Michael at Herbivoracious pointed out that doubling the temperature does not double the heat. That's part of the problem, but you can correct for it, and you still won't get properly cooked food.

kiamlaluno pointed out that you will burn the outside before cooking the inside, which I think is more to your point. The reason behind it is that the heat takes some time to get to the inside of the food. If you were to have some sort of theoretical oven that could heat all of your food at precisely the same rate, then cooking at a higher temperature for a shorter period of time would get you the results you're looking for. Unfortunately, such a device doesn't exist. The heat transfer is described by Newton's Law of Cooling (dQ/dt = -h·A?T)

This us the question:

Speaking mathematically, 200 degrees of heat for 10 minutes should be the same as 400 degrees of heat for 5, but that's not the case, right?

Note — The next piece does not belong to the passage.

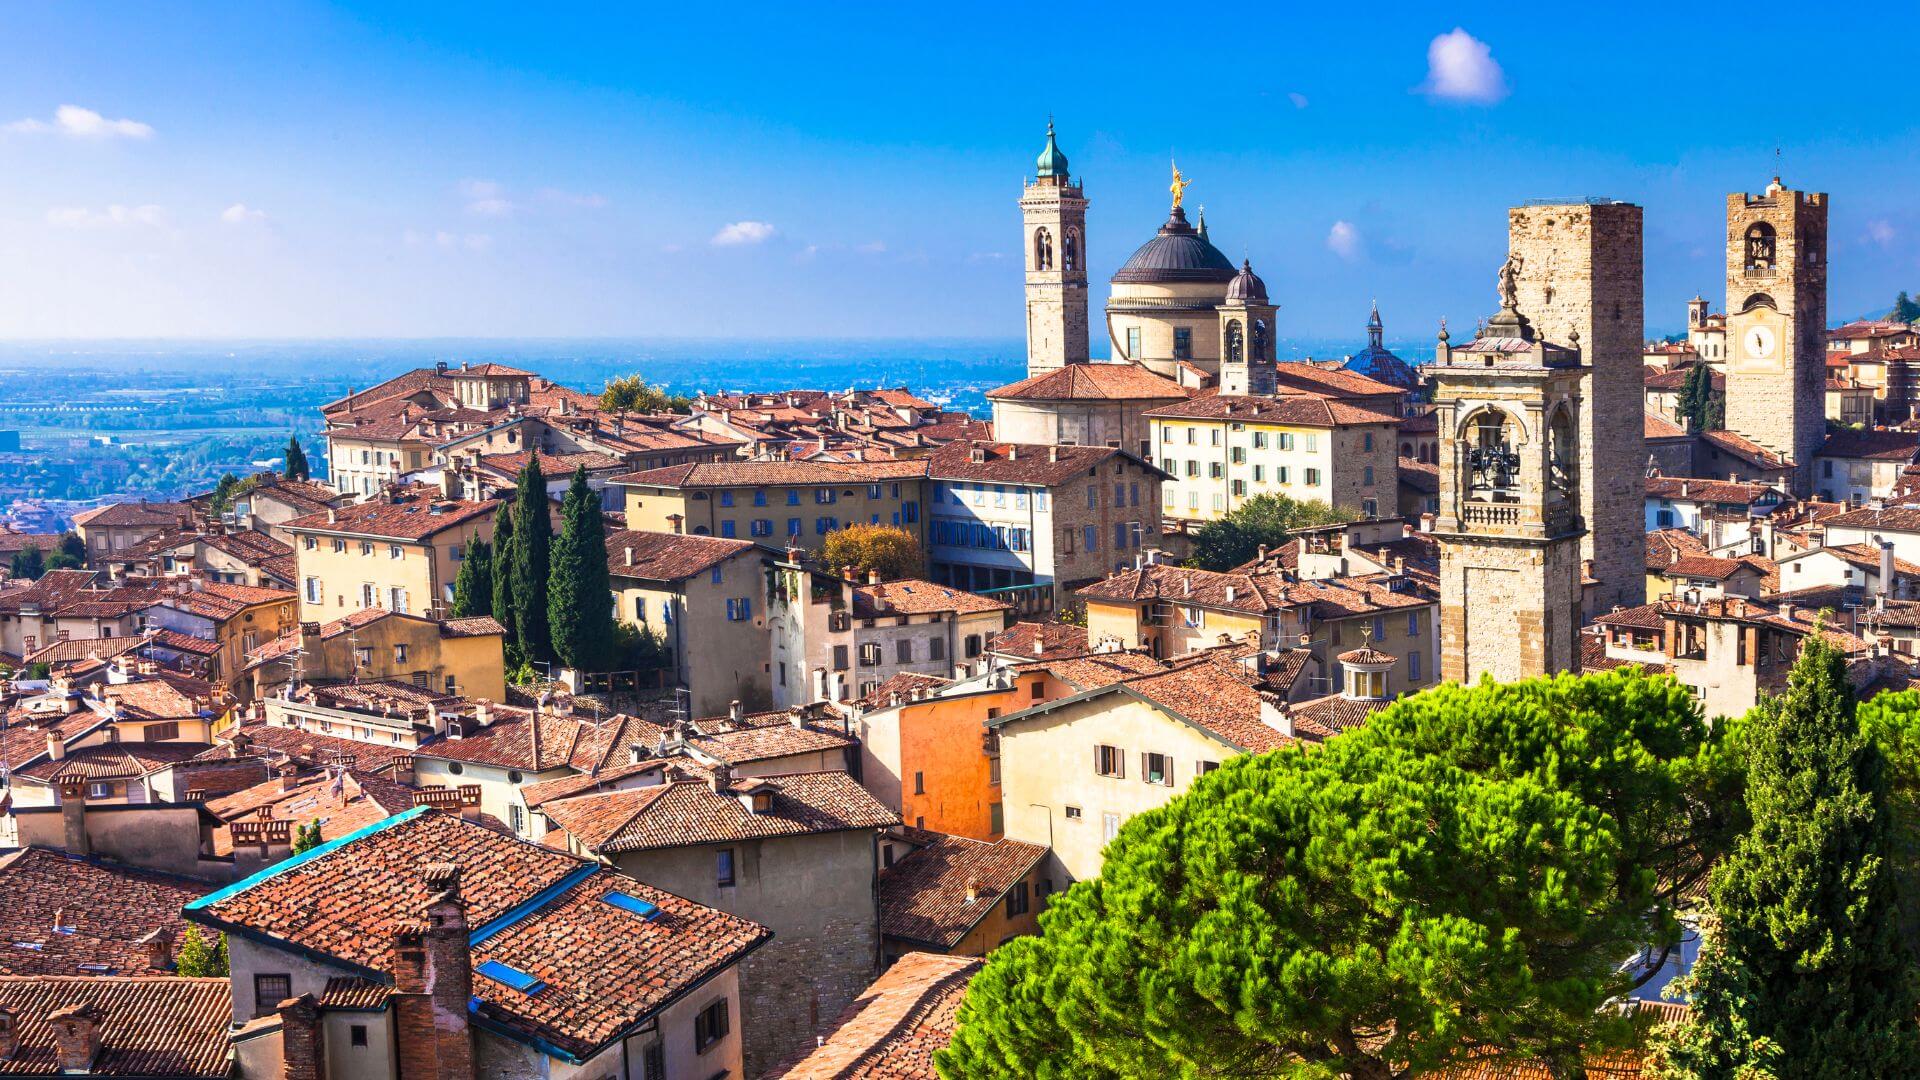 8 Italian Cities to consider for your next City Break
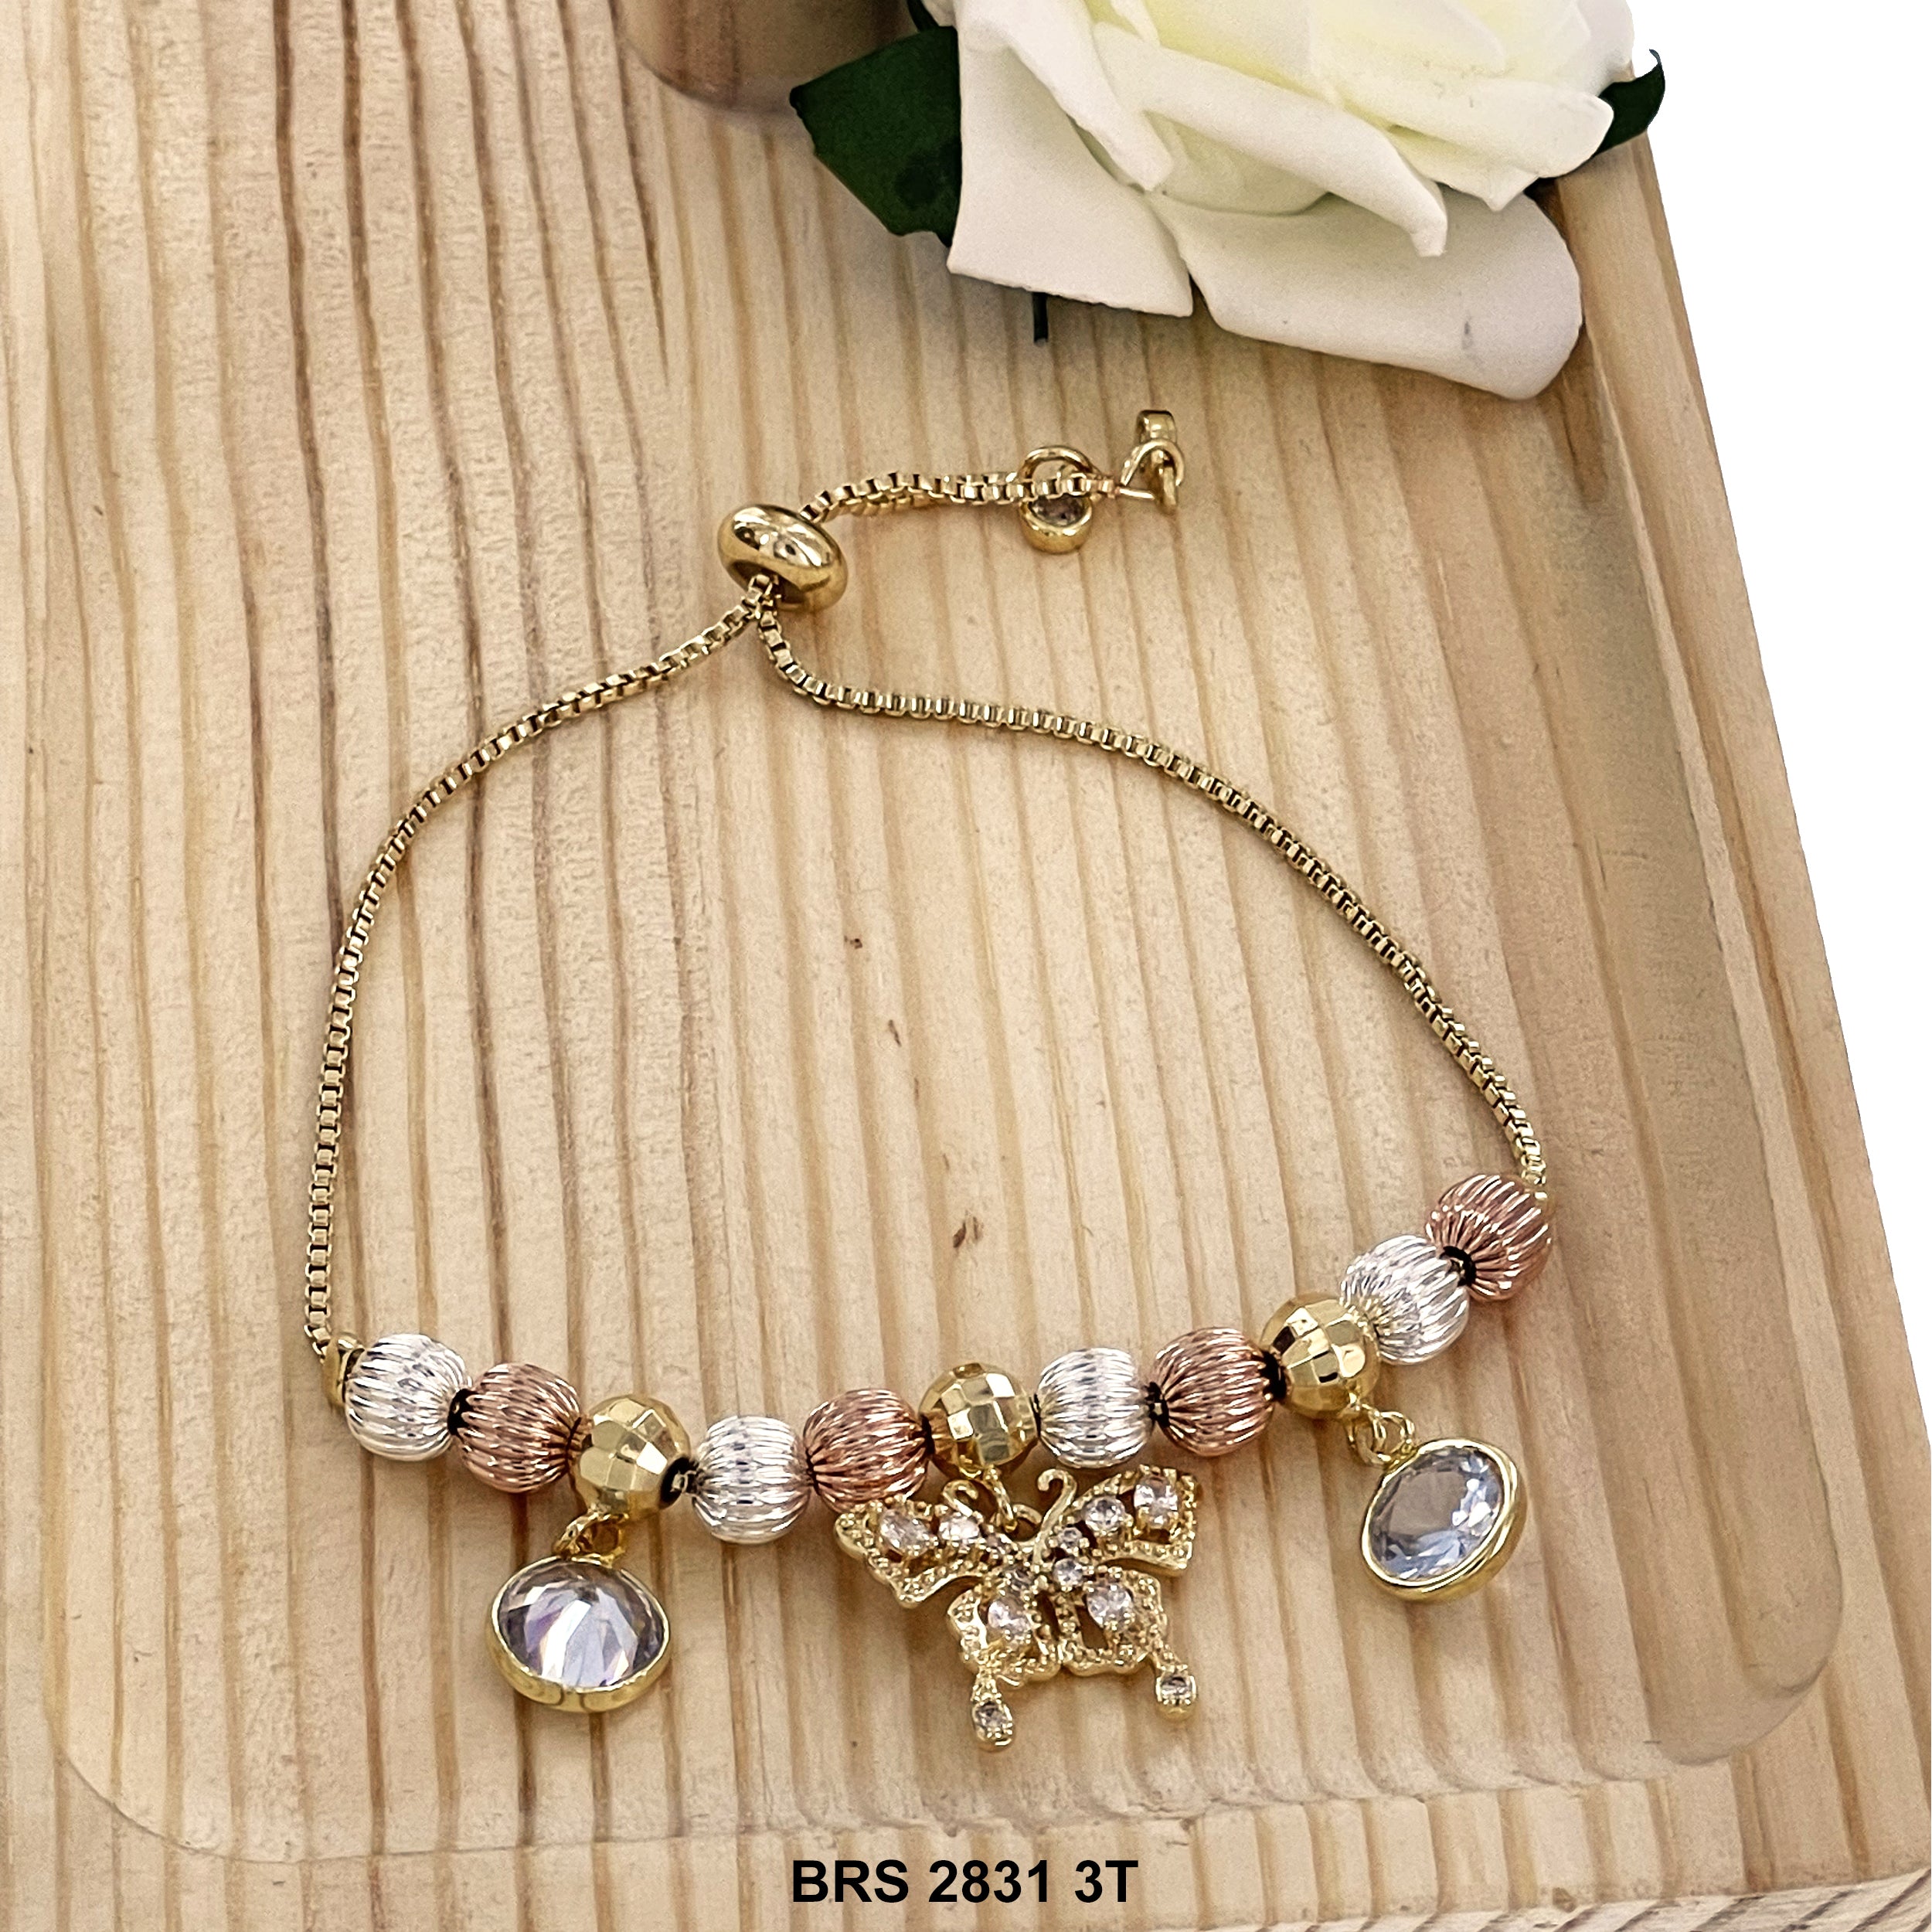 Butterfly Stoned Charms Chinese Lantern Beads Adjustable Bracelet BRS 2831 3T

To show that the two are different, all that is needed is a single counter example.

Consider the boiling of an egg. If you boil the egg in 105 Fahrenheit (40 Celsius) over an extended period of time, neither the egg yolk nor the egg white will set.

If you cook it at, say 160 Fahrenheit (70 Celsius) you will eventually get a hard boiled egg.

The egg white and egg yolk consists of proteins. When proteins are heated to a certain temperature, the proteins will denature. In the case of the egg the chemical reaction (denaturization) will simply not be activated at lower temperatures.

more simply put if you bake something at 400 degrees it is gonna cook faster on the outside so it will be getting over cooked outside and under cooked inside if you cook at a lower temperature it will cook more evenly and if you bring the item your cooking (if it were meat or something cold) to room temperature before cooking it, it will cook more evenly and faster too.